6. Judging model quality

A model summarizes a conceptual relationship between a dependent variable and one or more predictors. Models are mostly used for predicting a new value of an unobserved entity from available predictors. The volume, biomass and carbon. equations given above provide examples. A model may be formulated through subject knowledge, adopted from other studies, or suggested by apparent trends in observed data.

In forest inventory and biological sciences, data exhibit a large amount of natural variation and models are limited to predicting the expected value of the dependent variable given the input data. The quality of a model is therefore judged by its ability to provide unbiased estimates of these expectations and the precision of model predictions.

When fitting a model to data, a comparison of values predicted by a model and the actual values of the dependent variable provides an initial assessment of model quality. It is generally desirable for departures from model predictions (residuals) to average to zero for any input and be distributed tightly around the predicted values.

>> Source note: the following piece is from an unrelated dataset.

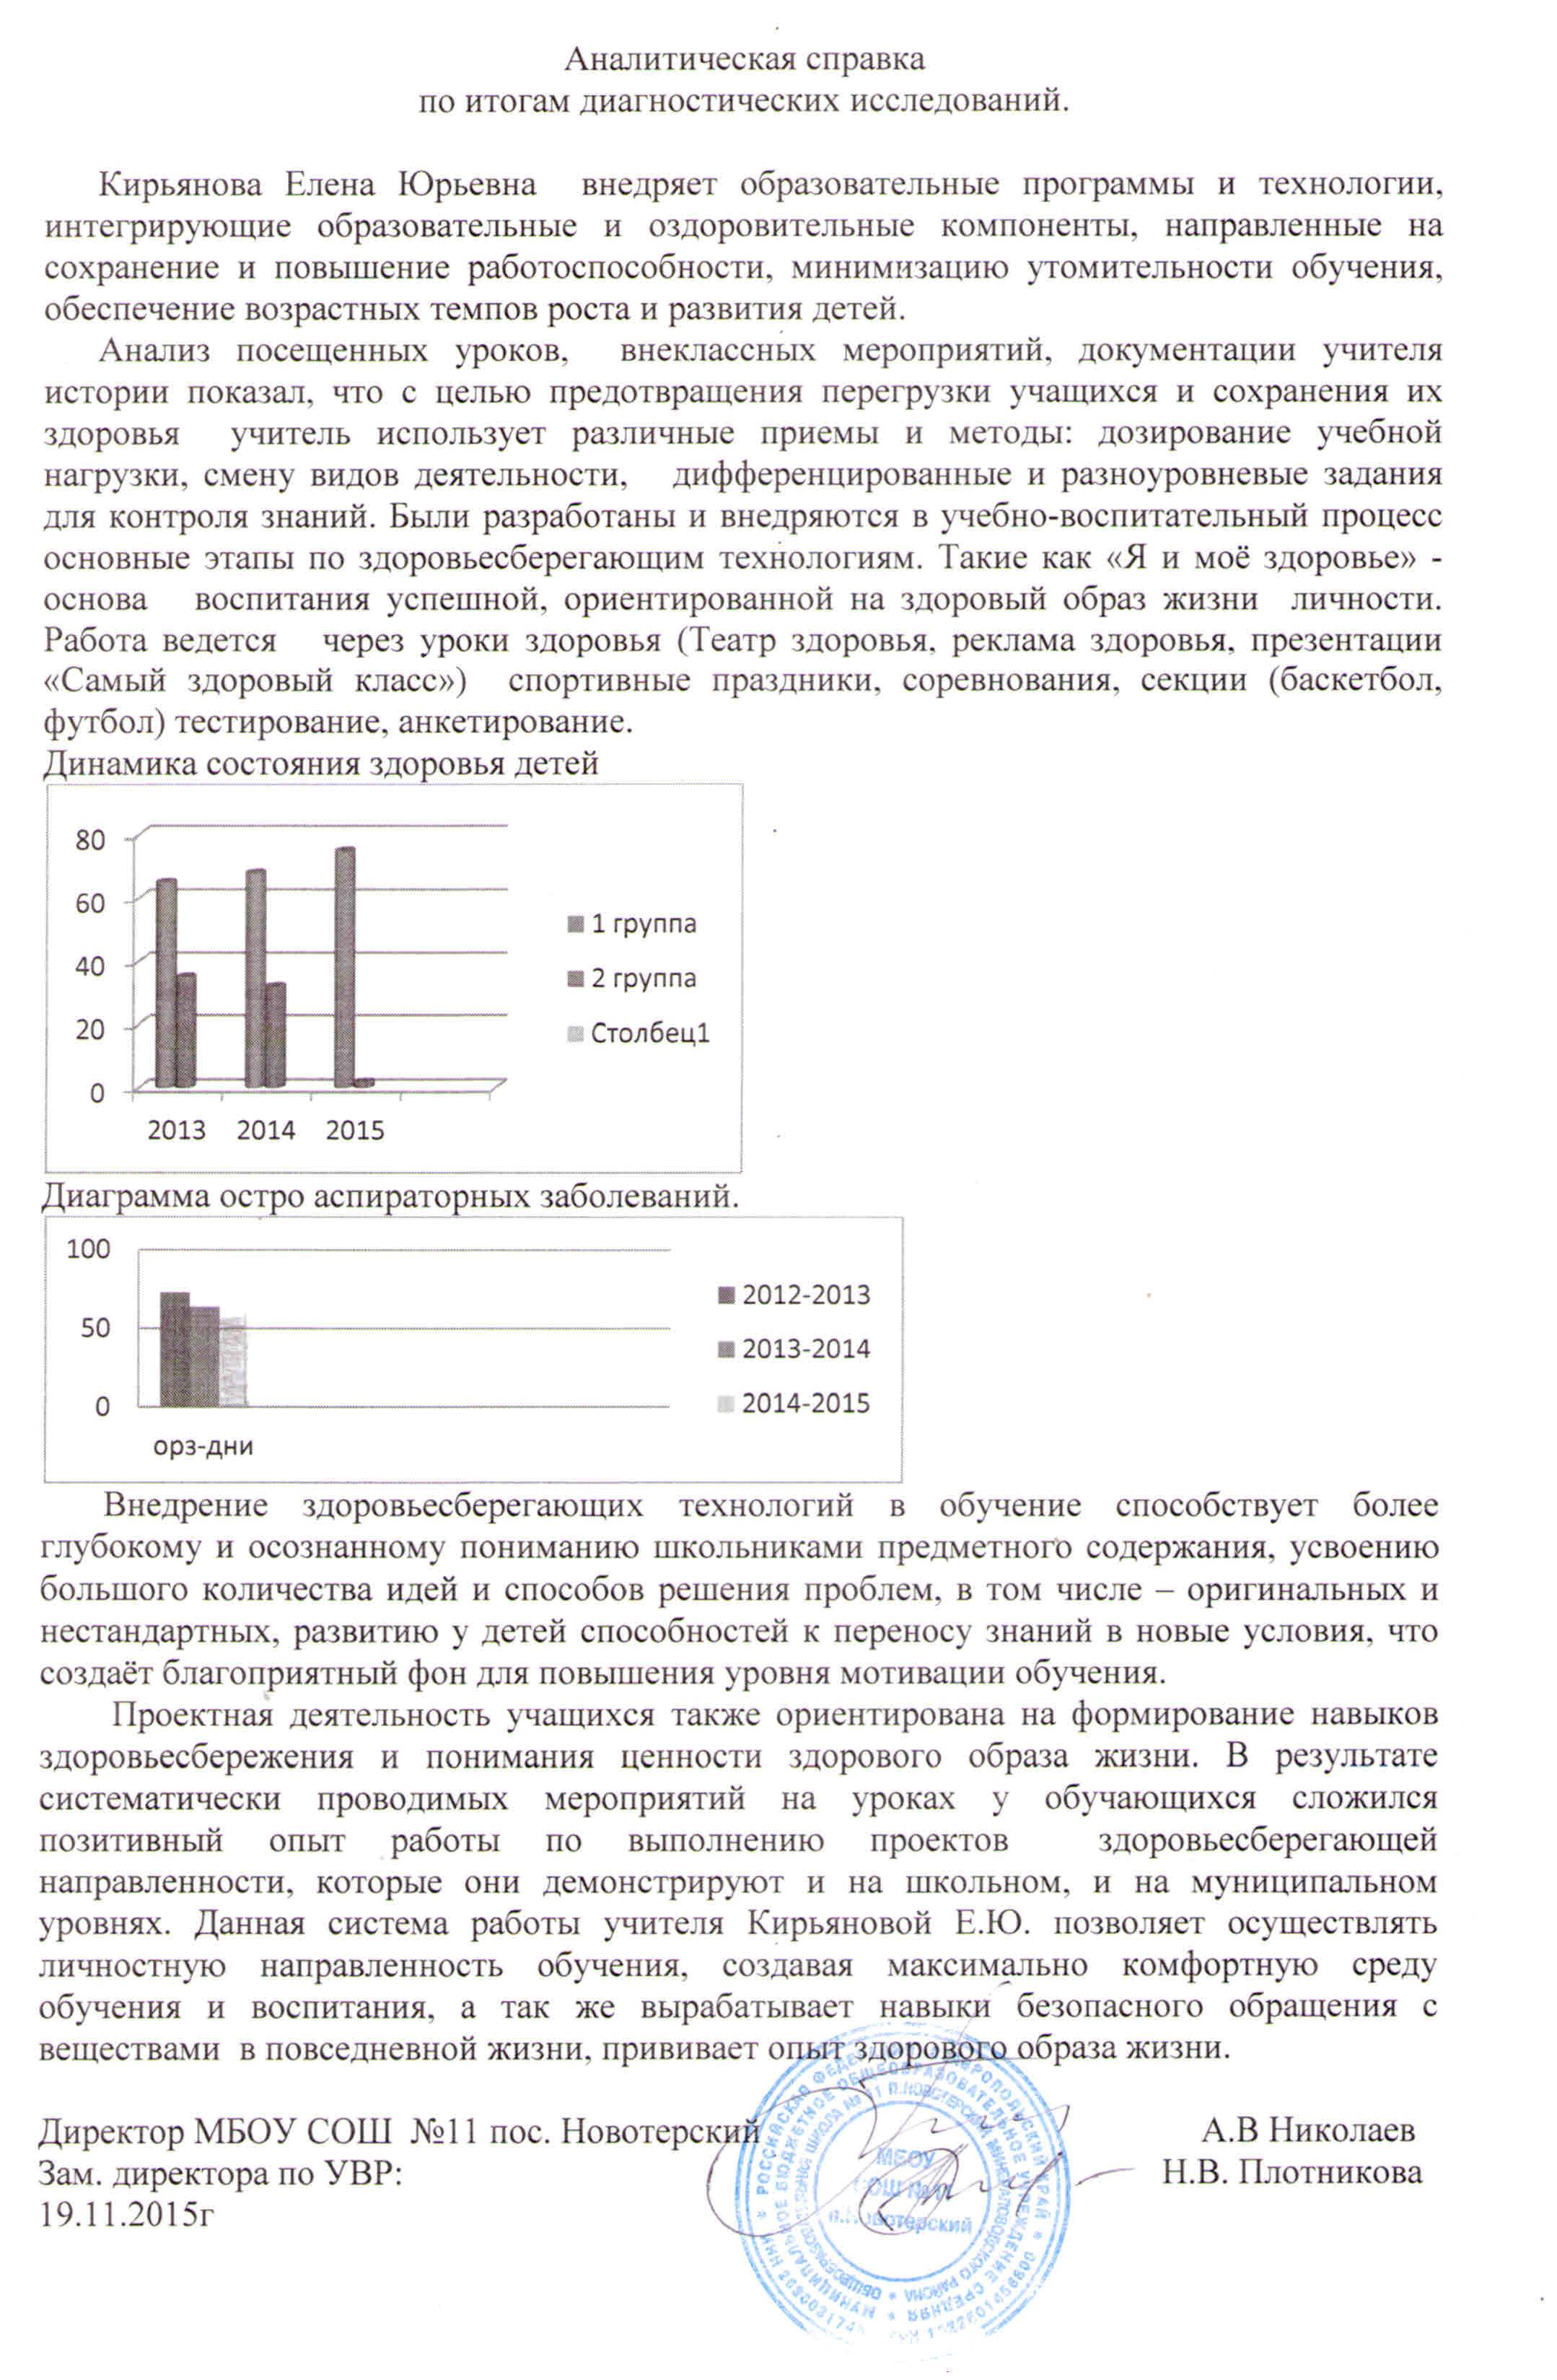 C:\Users\Сергей\Desktop\аналитсправка\Document_24.jpg
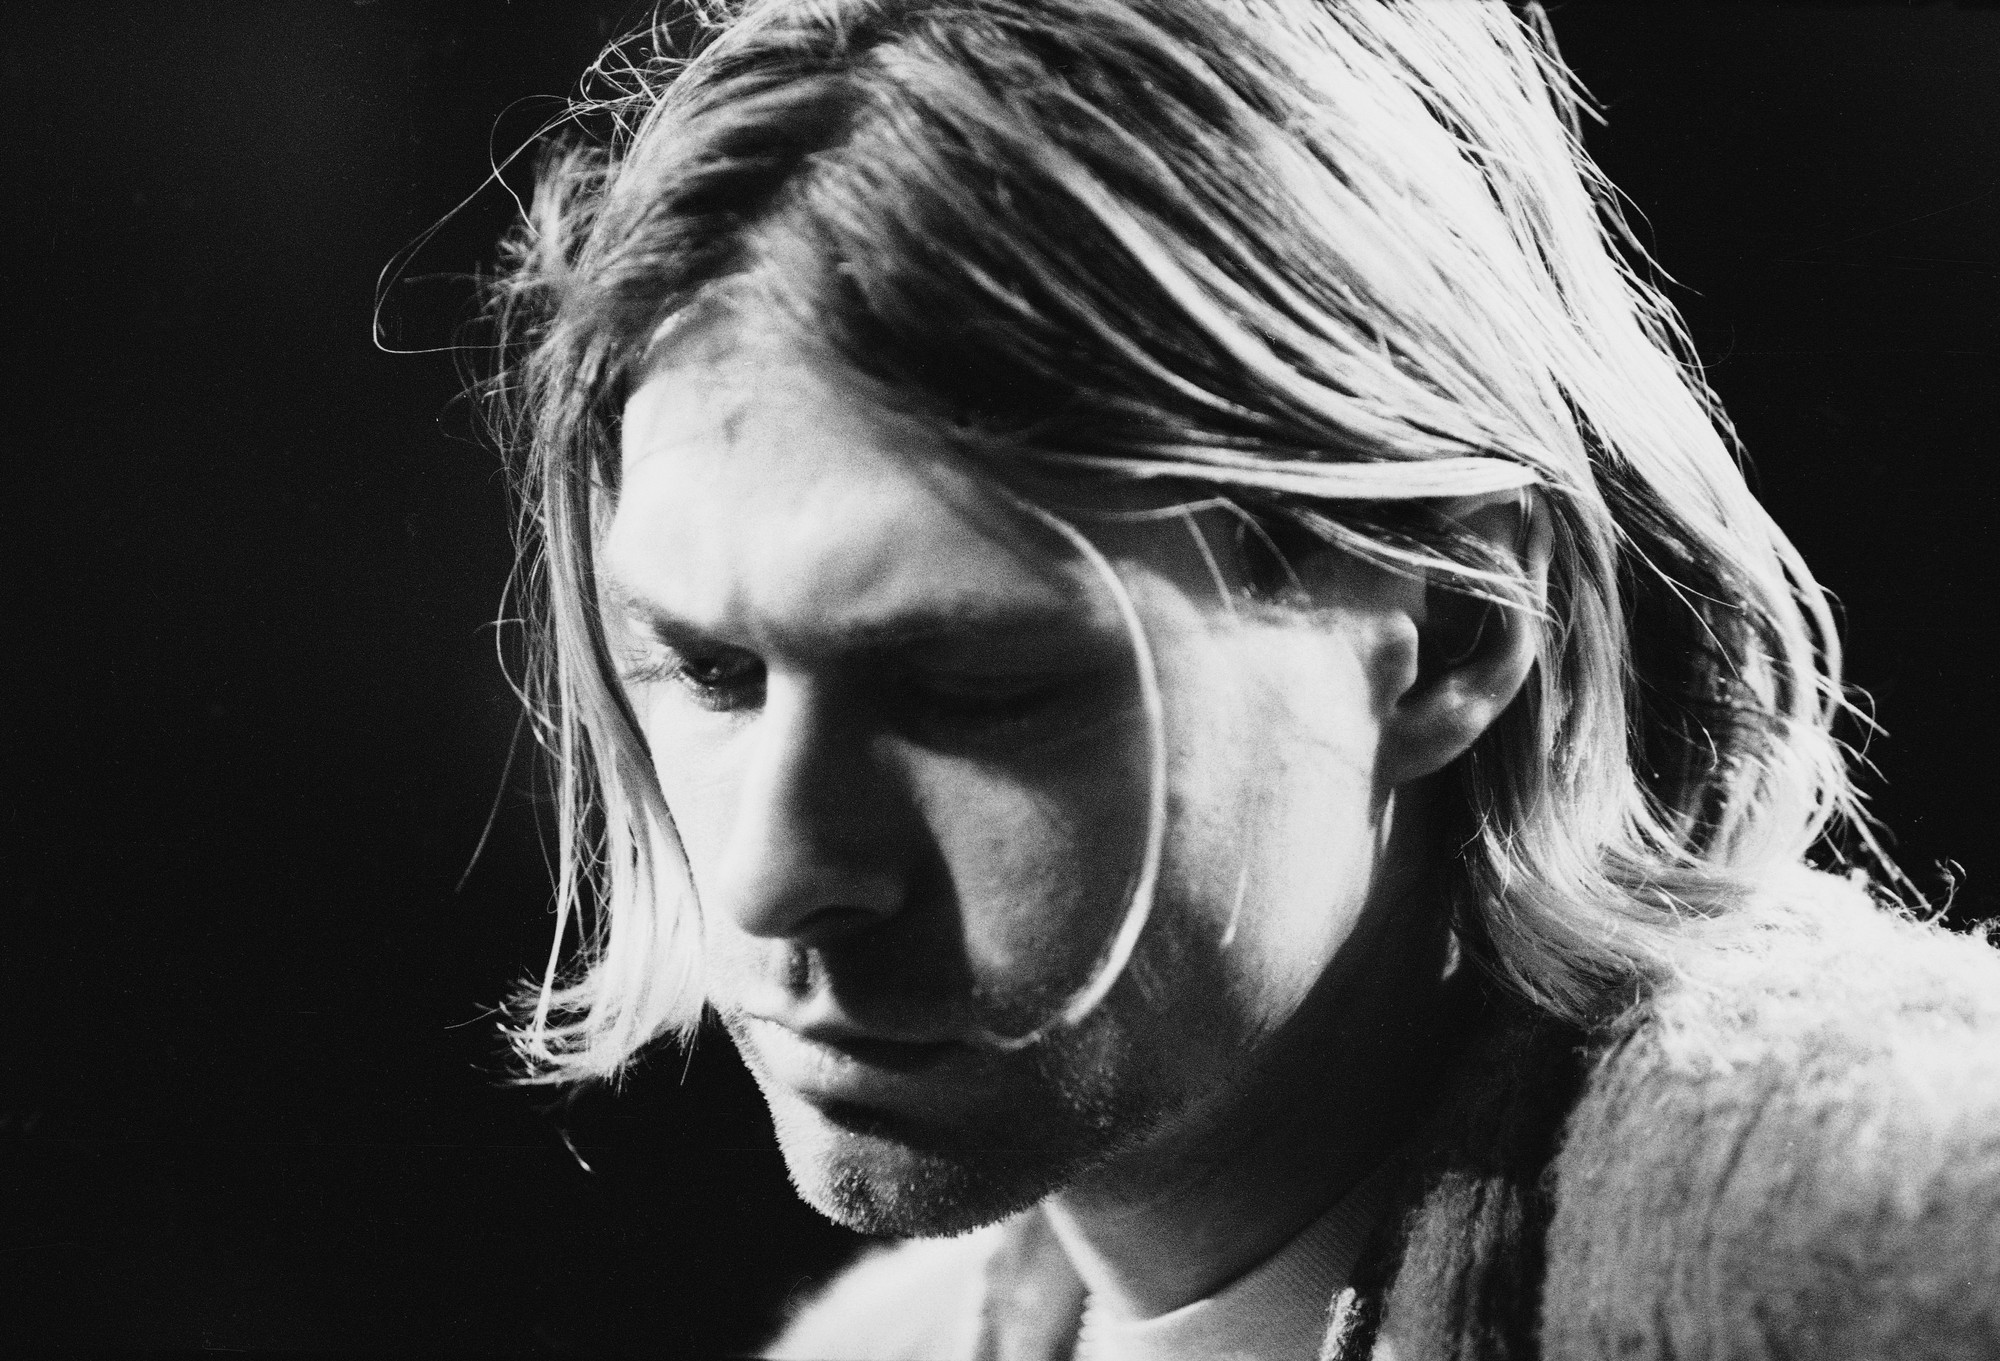 Kurt Cobain cumpliría hoy 45 años

The quality of a model for prediction purposes is assessed by comparing a prediction of a new (unseen) observation not used in model development to the actual value of the new observation. Common criteria for assessing model quality include a t-test of the hypothesis of a zero mean model prediction error, absolute deviation, the sign test for testing the hypothesis of non-random trends in errors along a gradient of predictor values, normal distribution of prediction errors of residuals, linear regression analysis of errors, and homogeneity of error variances across a range of input. Reynolds (1984) provides a basic approach that can be used in model evaluation. Vanclay and Skovsgaard (1997) provide a brief overview and an operational frame for judging model quality.

When applying a general model, such as the volume and biomass equations given earlier, or a model developed for a given species in a different geographic area, it is important to attempt to assess model quality prior to application. This may require the collection of new field data, or it may be possible to utilize existing data for this purpose. Failure to assess model quality forces the user to make an untested, implicit assumption that the model used is appropriate for the species and geographic area to which it is applied, which may or may not be true. Users of models should always keep in mind that a model may generate unusual predictions. It is the user¿s responsibility to do a check of model assumptions and model predictions.